With a distinguished legal career, a Lord Advocate would value their own independence too much to put up with it; it would offend their belief that governments are subject to the rule of law; and it could leave a stain on their integrity and stop them returning to the bar or becoming a judge. Three of Scotland’s six lords advocate since 1999 have gone on to the bench, after all.
We know roughly what a Referendum Bill would look like, as a draft version was published last year. It was literally two pages long with a one-page schedule showing a possible ballot paper.
This is because it would piggyback on the more substantive Referendums (Scotland) Act of 2020, which covers the general rules for voting, expenses, and campaigning.
Any new Referendum Bill would focus narrowly on the aim, question, franchise and ballot paper for Indyref2.
But, despite its brevity, I understand the SGLD has still not sent a final version and note on its legislative competence to the other legal parties who should get three weeks to consider them pre-introduction.
That suggests the Bill can't be published before June. If it doesn’t appear by summer recess in July, it can’t be laid at Holyrood until September, an extremely tight timetable for a vote in 2023.
Why the delay? In truth, I don’t know. But as time ticks away, it is becoming curiouser and curiouser.
Of course, it’s not easy trying to second guess the Supreme Court.
But in the three previous cases where the UK Government law officers referred a Holyrood Bill for a definitive ruling on legislative competence, Section 28(7) of the Scotland Act 1998 was pivotal.

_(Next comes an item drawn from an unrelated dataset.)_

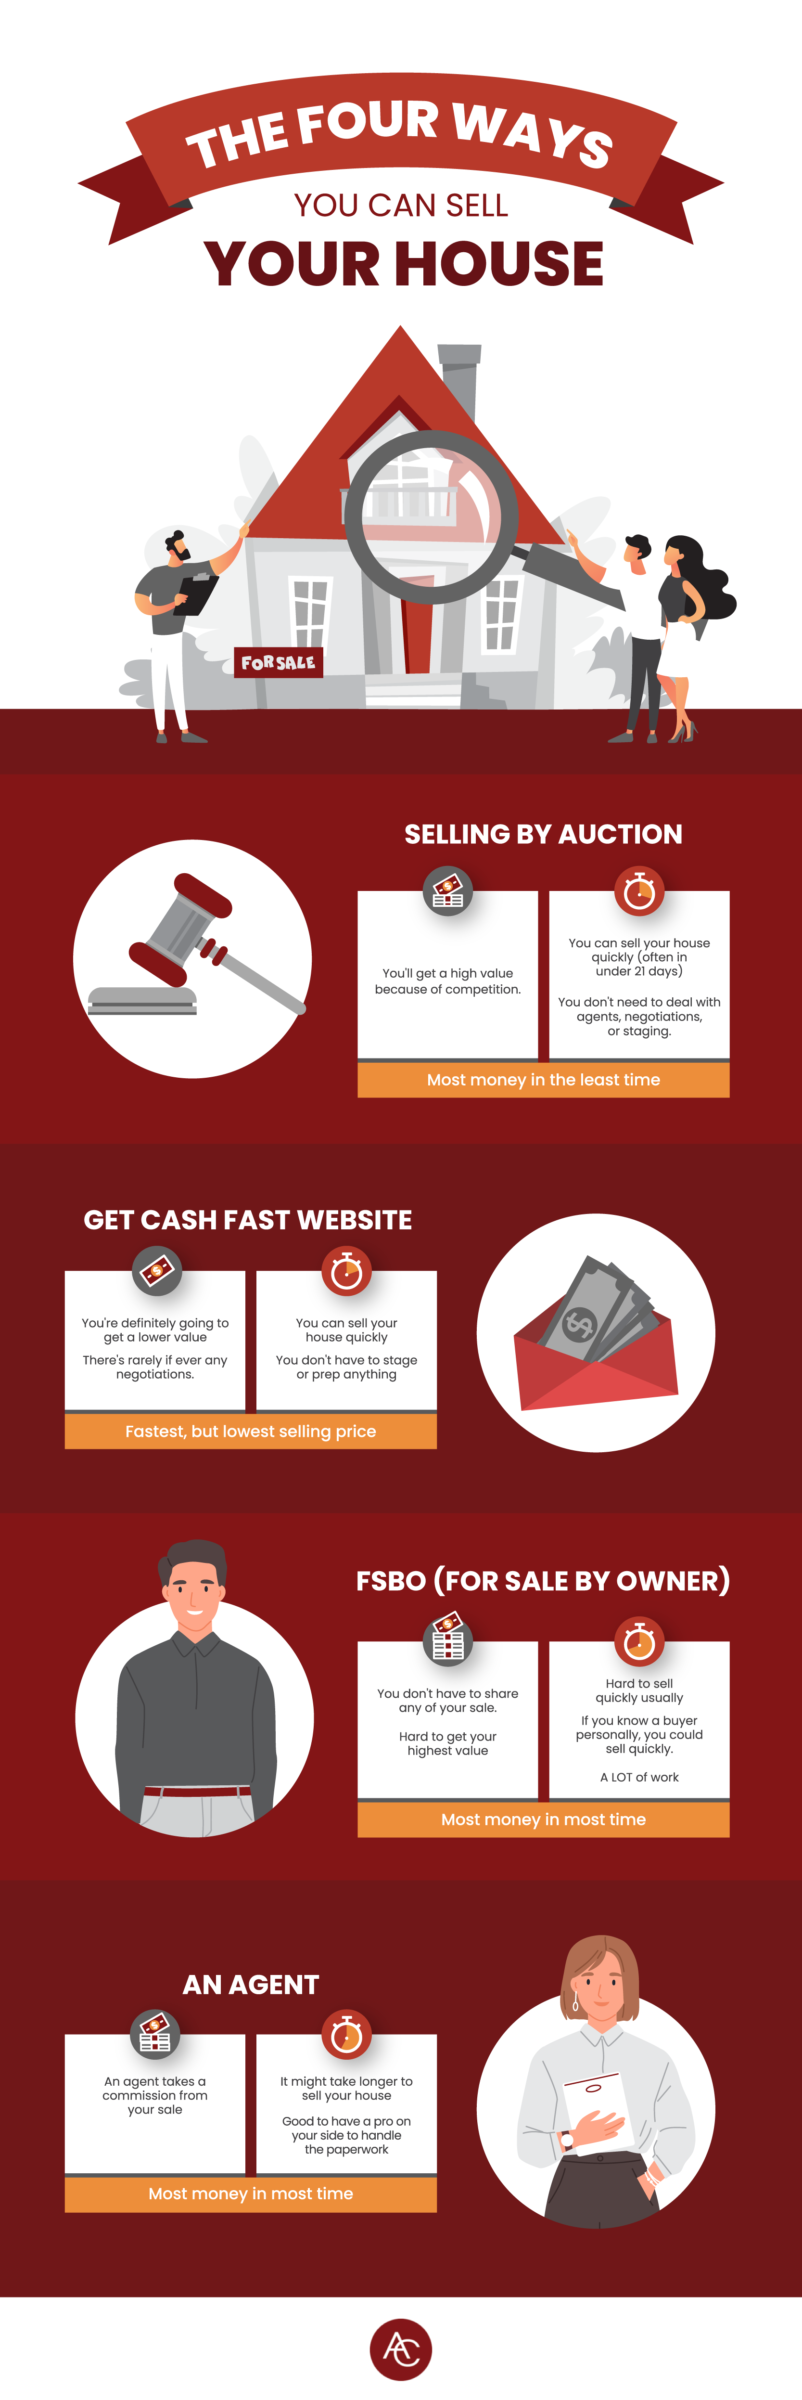 Infographic on the four ways you can sell your house from Alex Cooper

This basically says Westminster still has the power to make laws for Scotland. Any legislation passed by MSPs that would limit Westminster’s absolute sovereignty in any way is therefore outside legislative competence and not law, the Court ruled.
A Bill intended to deliver independence would self-evidently reduce Westminster’s ability to make laws for Scotland. There’s also the small matter of the Union being reserved to Westminster.
On the balance of probabilities, would such a Bill survive at the Supreme Court? SNP and Green ministers might not mind if it didn’t. Plucky Holyrood thwarted again by the beastly Union, they’d say.
But the lawyers, and above all the Lord Advocate, who has to make a career-defining call on the likelihood of winning in court, will have their say first. In the meantime, the rest of us keep waiting.